Martina, anxious to keep up with her friend, had expressed full enthusiasm for Hans Busch – had even begged Lennie to sign him up to design the Daily Legion garden for the Chelsea Flower Show. (Poor Martina, Mary said, when recounting this information, it showed she hadn’t quite got there.) Martina, aware of the kind of games Mary had been playing throughout their friendship, was certainly not going to do anything so satisfying as to say that she disliked Hans Busch or his work. There were times when that fixed smile, stitched in place by the New York plastic surgeons, had its supreme value. She was certainly not going to say she minded that Mary had enrolled Piet in the project. She’d told Aubrey – poor Aubrey, knowing it would be repeated artlessly straight back to Mary Much – that the house-boy would hold his own with the artist.
‘Darling,’ said Mary, ‘he can hold his own, and Hans’s if he wants to.’
Poor darling Aubrey and his lickle-ickle accident. (For some reason the conjunction of sex and violence made Mary Much think and speak in baby-talk.) The Legion had been told that he’d been mugged in a car park. Stabbed. The nature of the injuries was left vague.
But – Piet and Hans! Mary knew that Martina really, really minded – which further extended Hans’s quite enviable ability to get under every skin.
Both Legions had behaved according to type when, like obedient puppies, they had leapt at the leaked information. Mr Blimby had got his art critic on to the case, and been enterprising enough to create a mock-up of what the finished installation would be like. This imagined projection was photographed beside Rodin’s Thinker, and the art critic had then delivered a satisfyingly swingeing attack on the blatant commercialism which could create a concept such as this. If Hans Busch were to come up with this idea for free, said the critic, then no one would pay it the smallest attention. Because his works sold for princely sums before they were so much as finished, he was regarded as the prime alternative to art.

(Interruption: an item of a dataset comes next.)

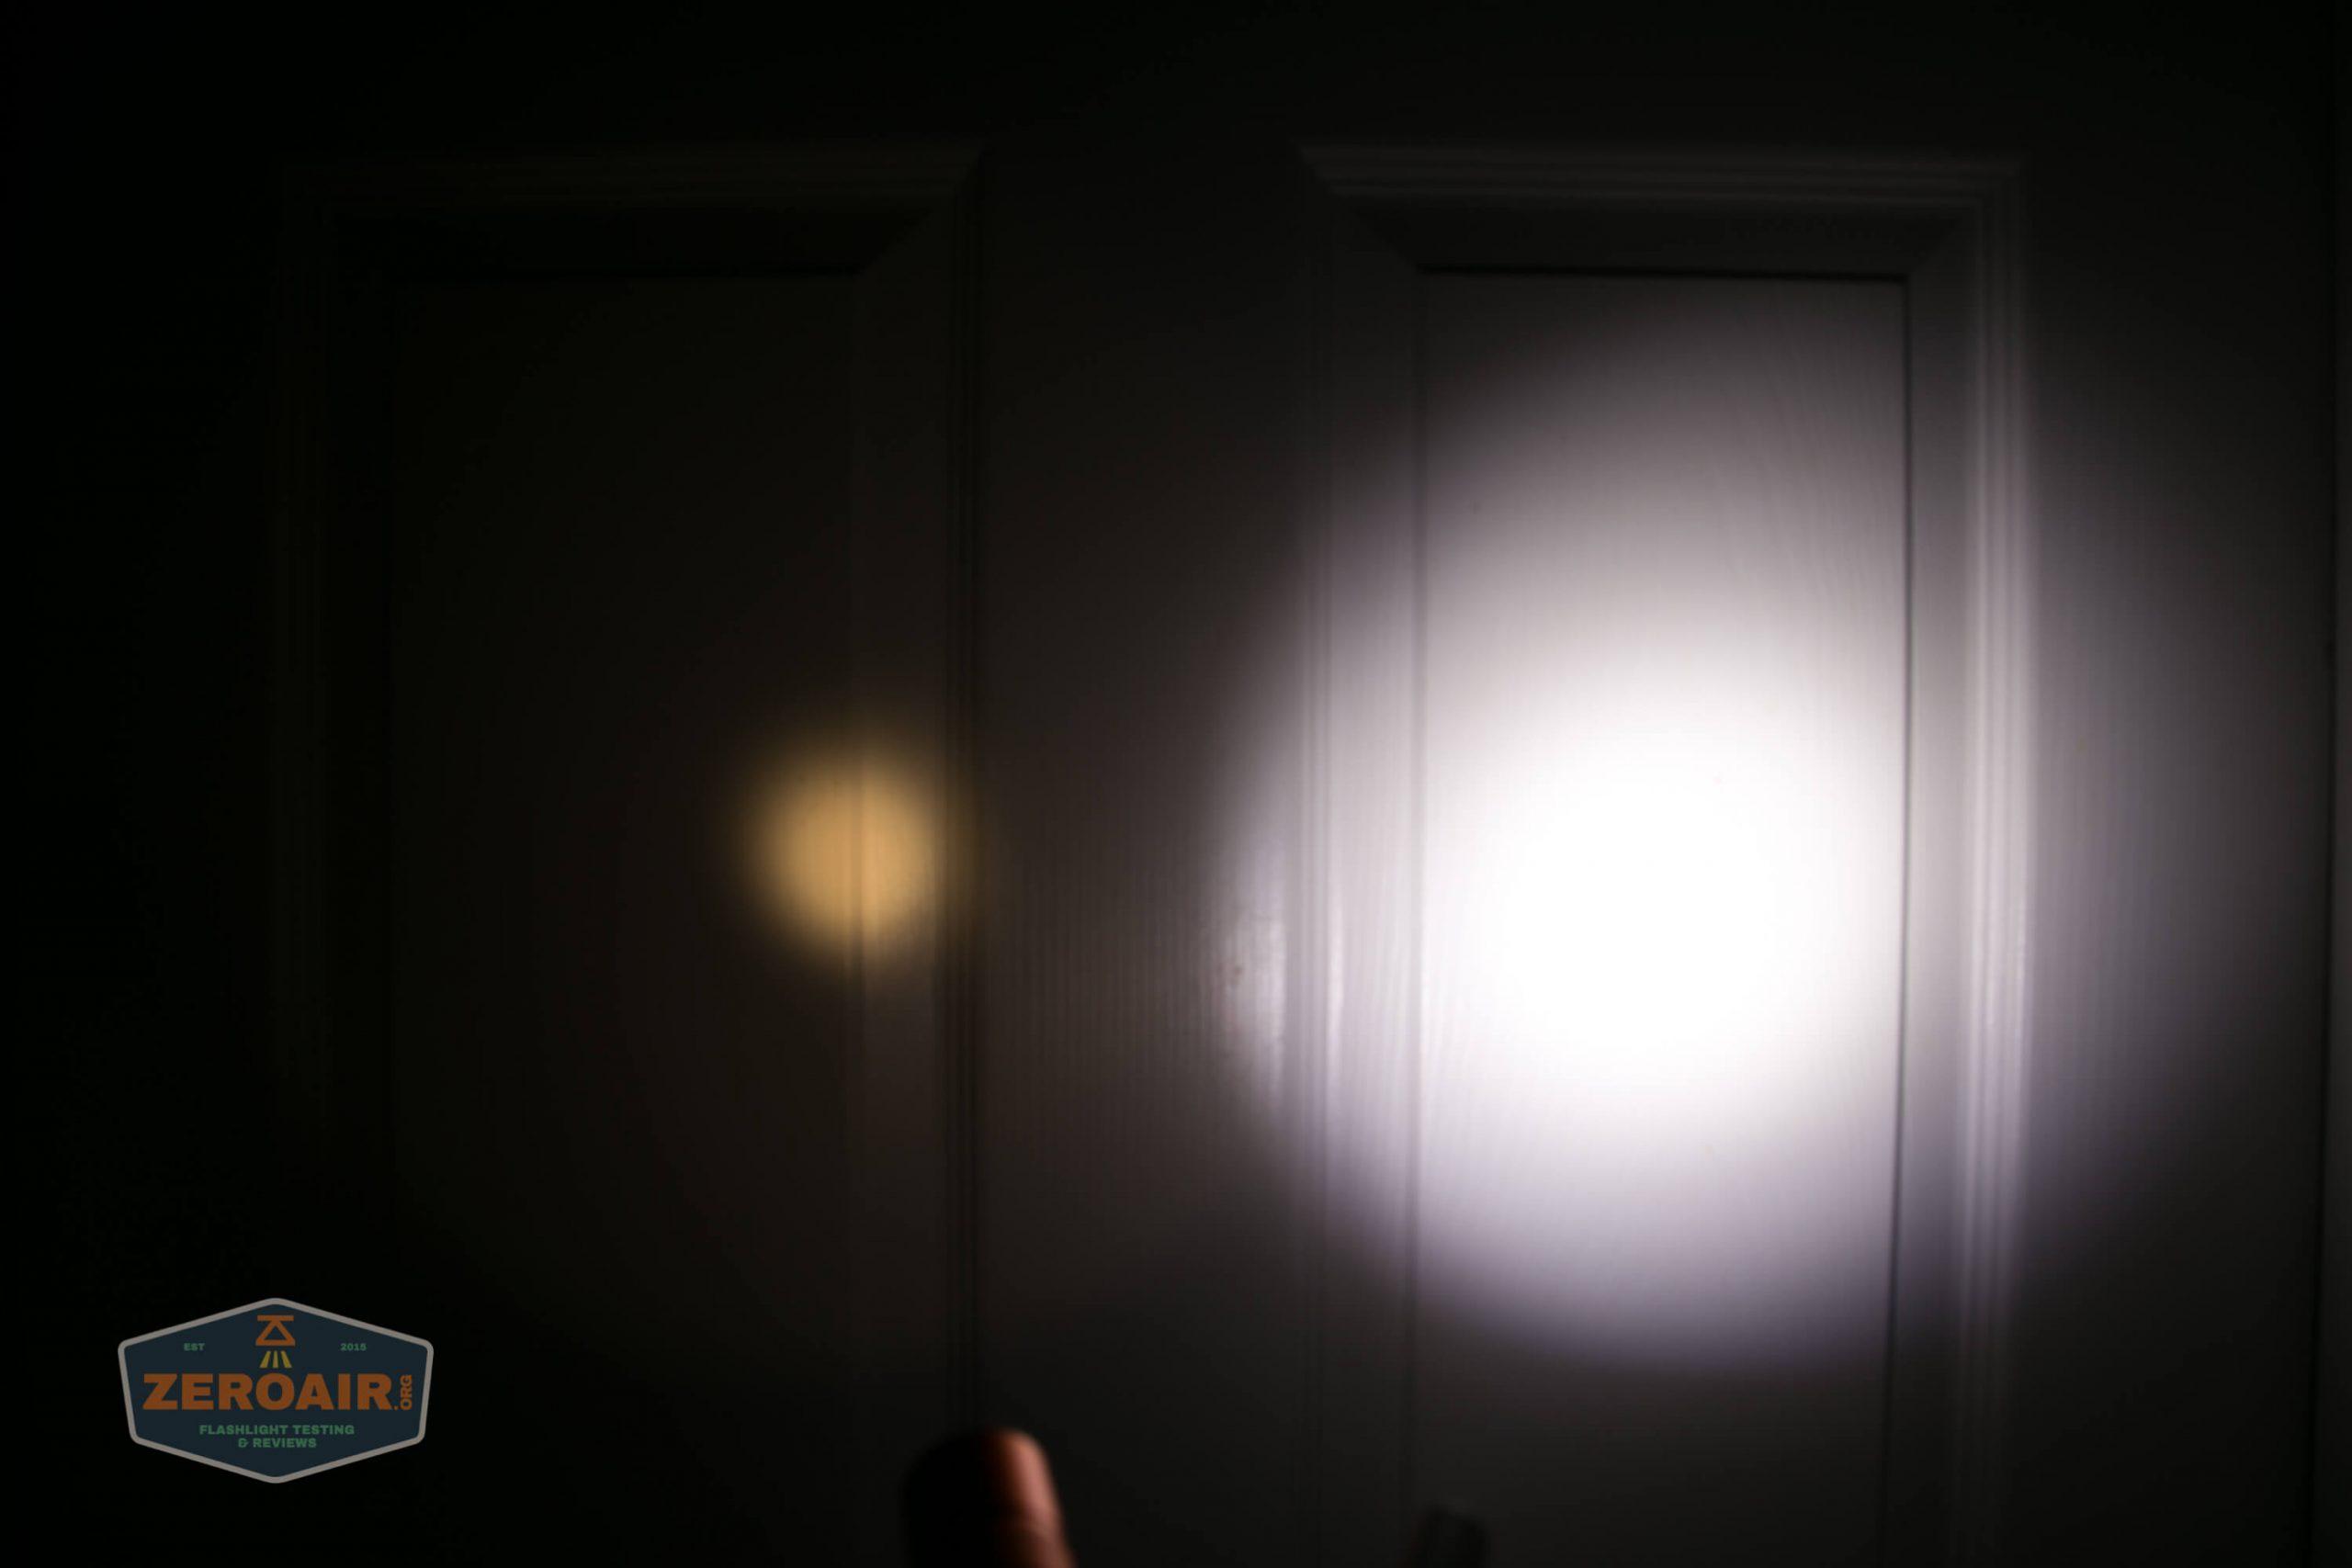 convoy s2+ sst20 2700K 6x7135 orange peel reflector beamshots door

Spies at Derek Worledge’s brutal features conferences also brought most satisfying reports back to Mary Much about the treatment he meted out to Rachel Pearl. It was bad enough that L.P. should still be wasting time and money on her: but that gorgeous Sinclo could also be breaking his manly, yummy heart over the little pseud was more than Mary Much could stand. Once again, one saw how stupendous Hans Busch was. Hitherto, since Worledge became editor, the Pearl (as Martina always dubbed her) had not suffered as much as the rest of the staff.
That was simply because he did not know about art, and tended to leave her alone. Naturally, the amount of space in the newspaper devoted to exhibitions or plays had been slashed to almost nothing, and her only role as art editor had been to supply the morning conference with updates on the states of various Hollywood marriages. So long as an interesting love affair or bust-up among the stars could be timed to coincide with the premiere of some commercial feature film in Le
icester Square, Worledge appeared to be satisfied on what he called the Arts Front.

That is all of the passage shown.